■ **Dataset section**:
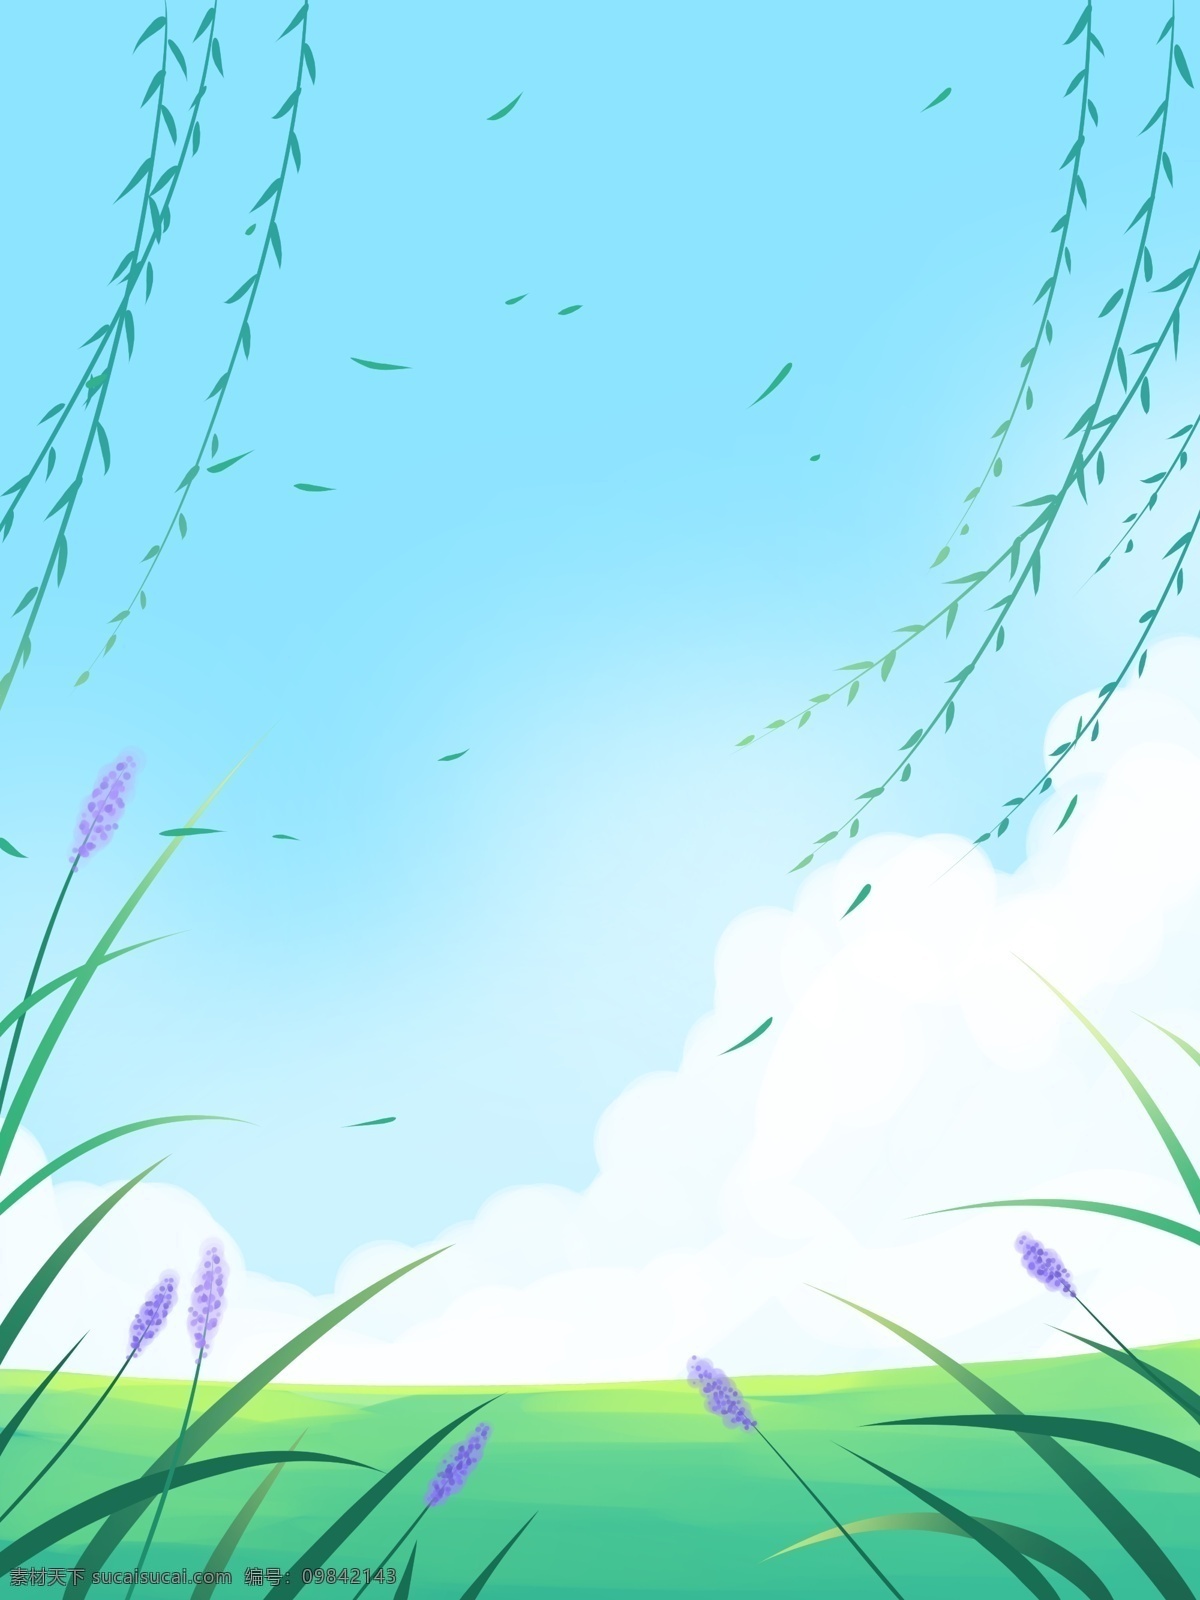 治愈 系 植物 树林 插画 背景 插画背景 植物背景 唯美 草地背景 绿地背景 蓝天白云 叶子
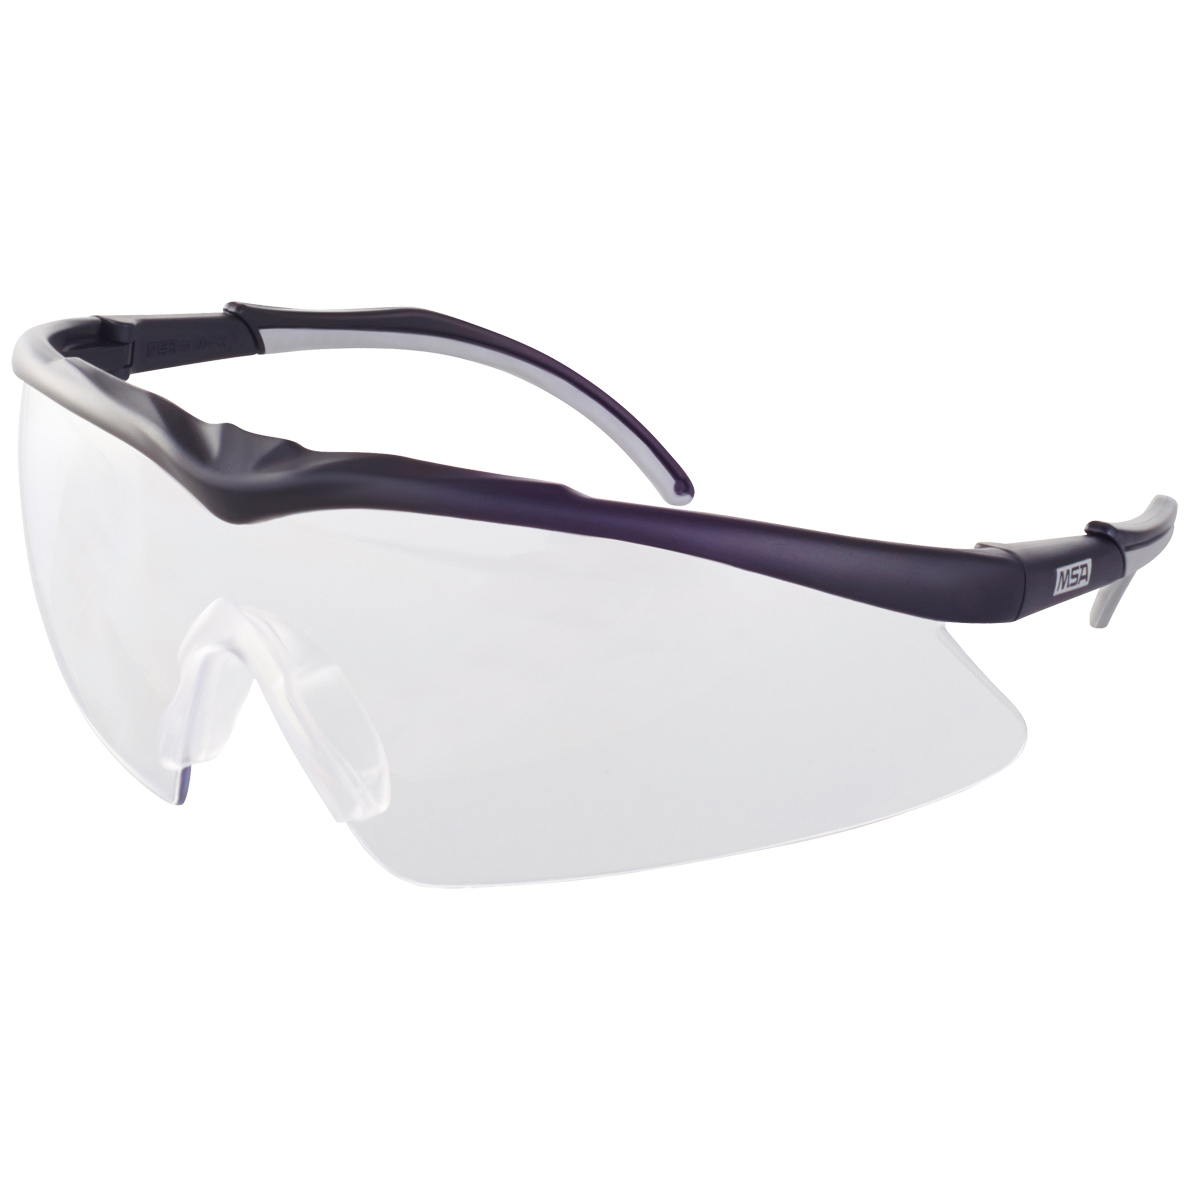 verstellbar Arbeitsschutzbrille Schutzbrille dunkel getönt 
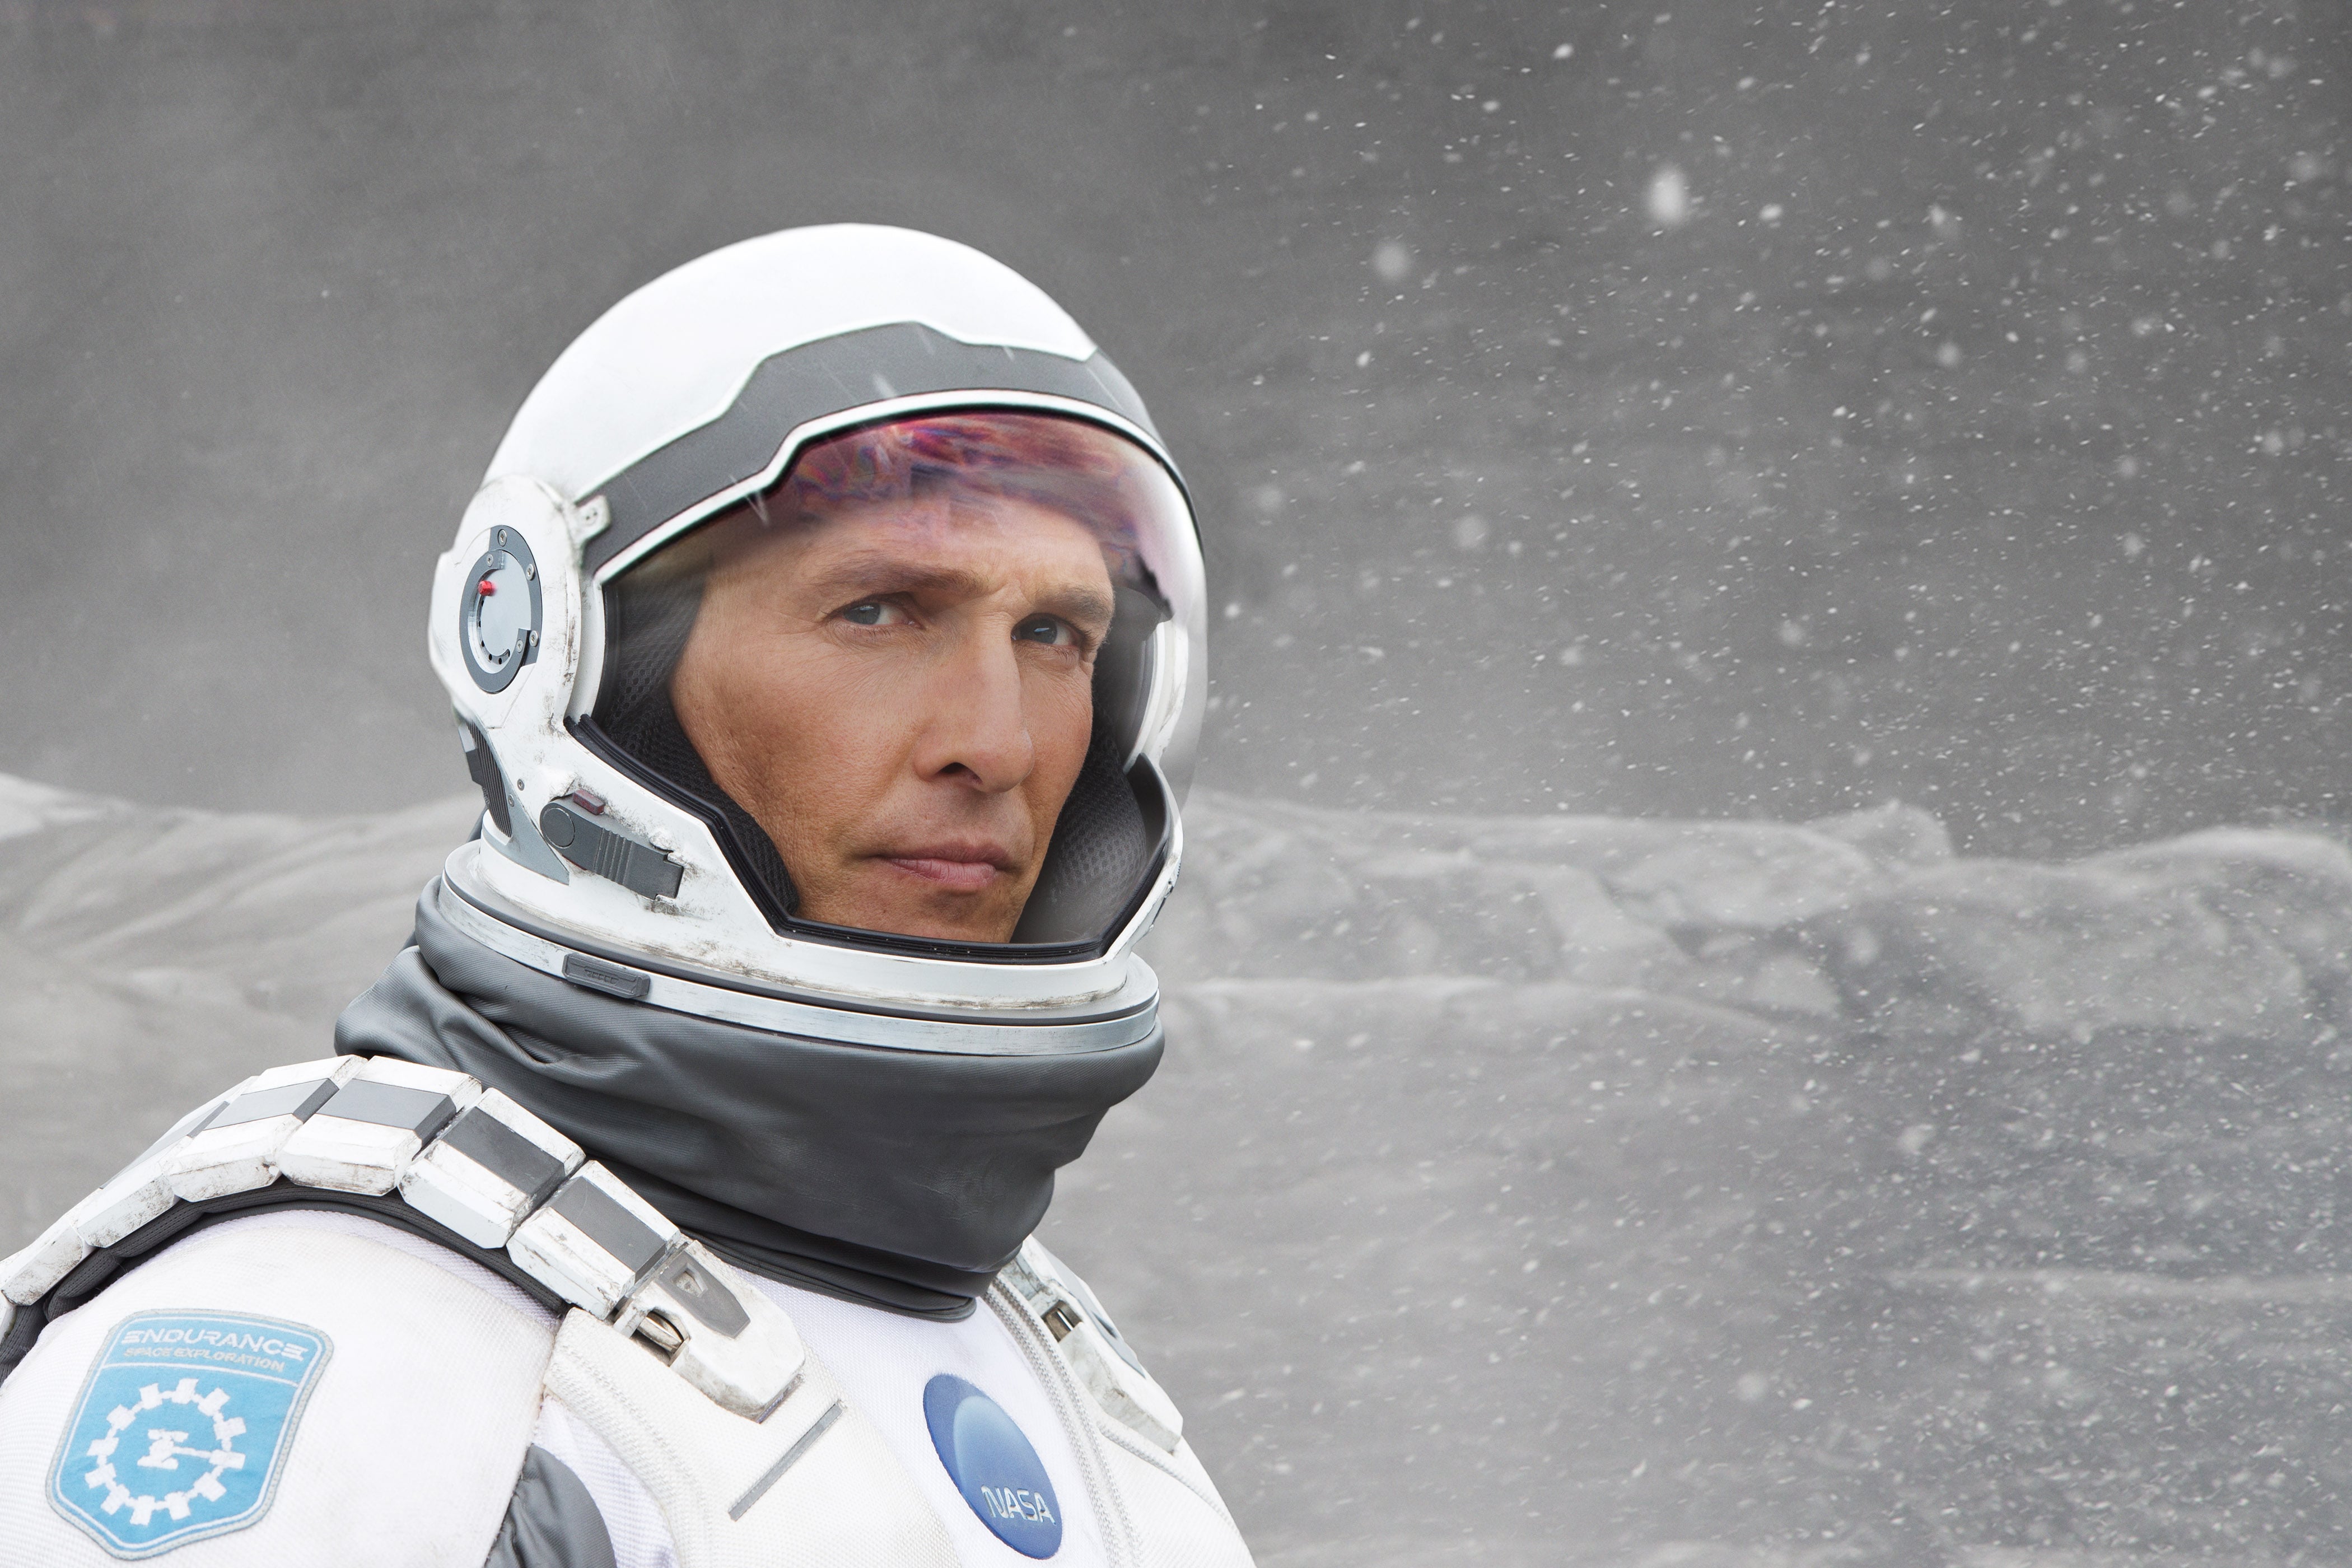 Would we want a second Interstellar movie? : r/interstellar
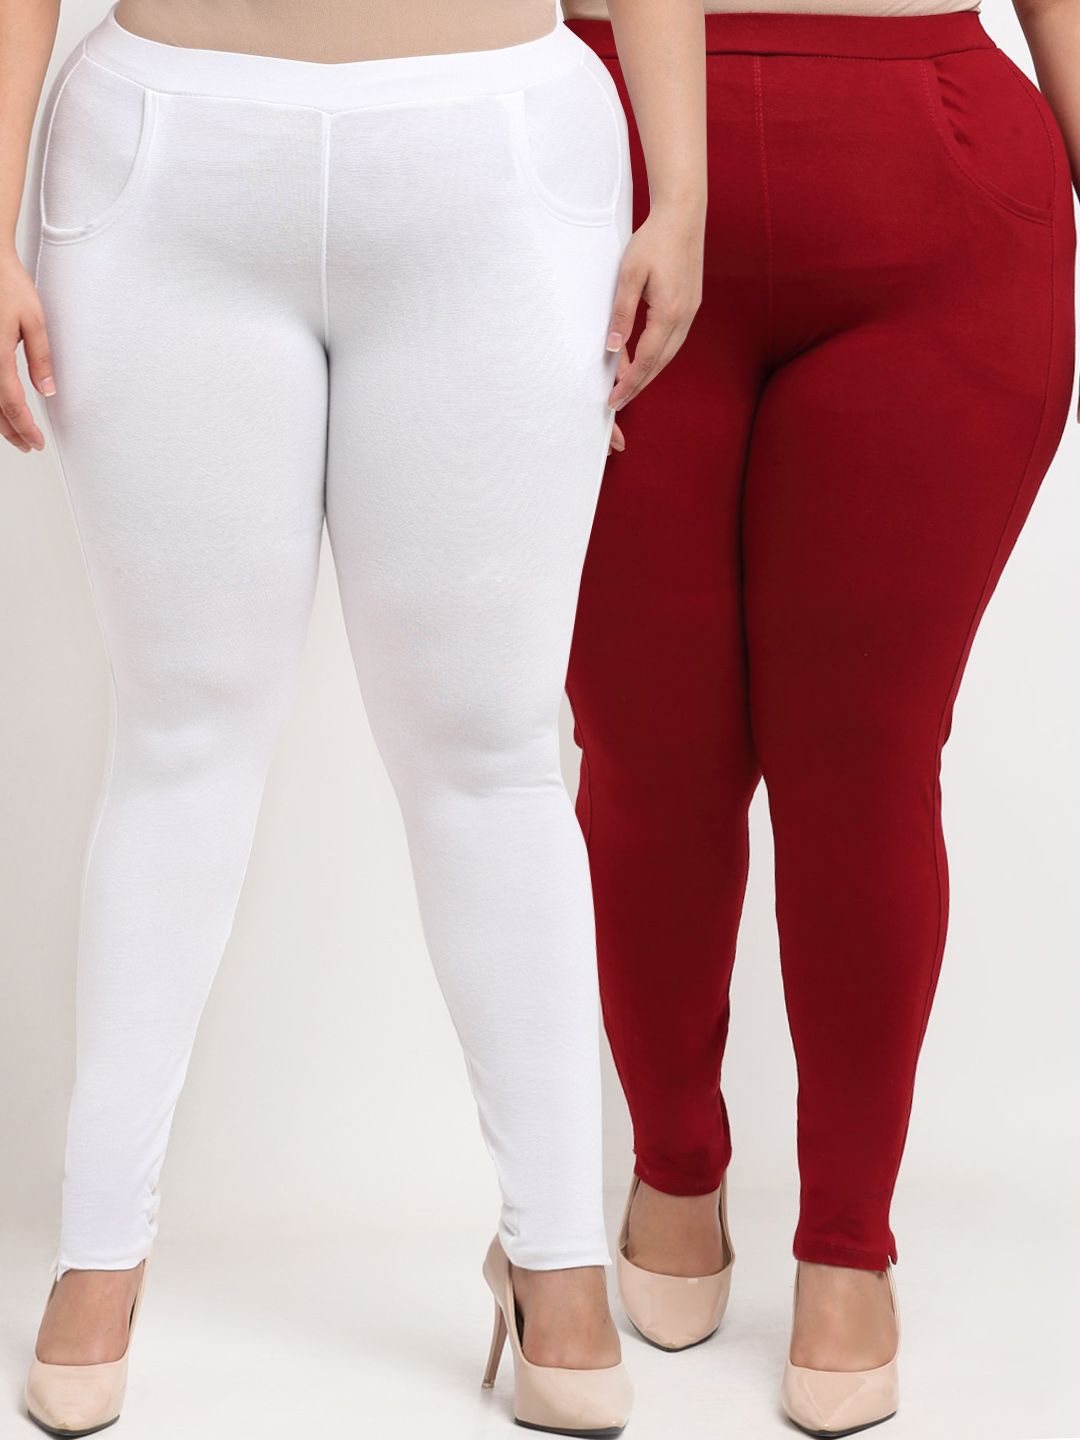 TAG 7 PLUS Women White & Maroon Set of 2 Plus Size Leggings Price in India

■ **Work request**: Any picture in the material is to be left out, and everything else is to be retyped as is.

■ **Task answer**:
 治愈 系 植物 树林 插画 背景 插画背景 植物背景 唯美 草地背景 绿地背景 蓝天白云 叶子
 verstellbar Arbeitsschutzbrille Schutzbrille dunkel getönt 
 Would we want a second Interstellar movie? : r/interstellar
 TAG 7 PLUS Women White & Maroon Set of 2 Plus Size Leggings Price in India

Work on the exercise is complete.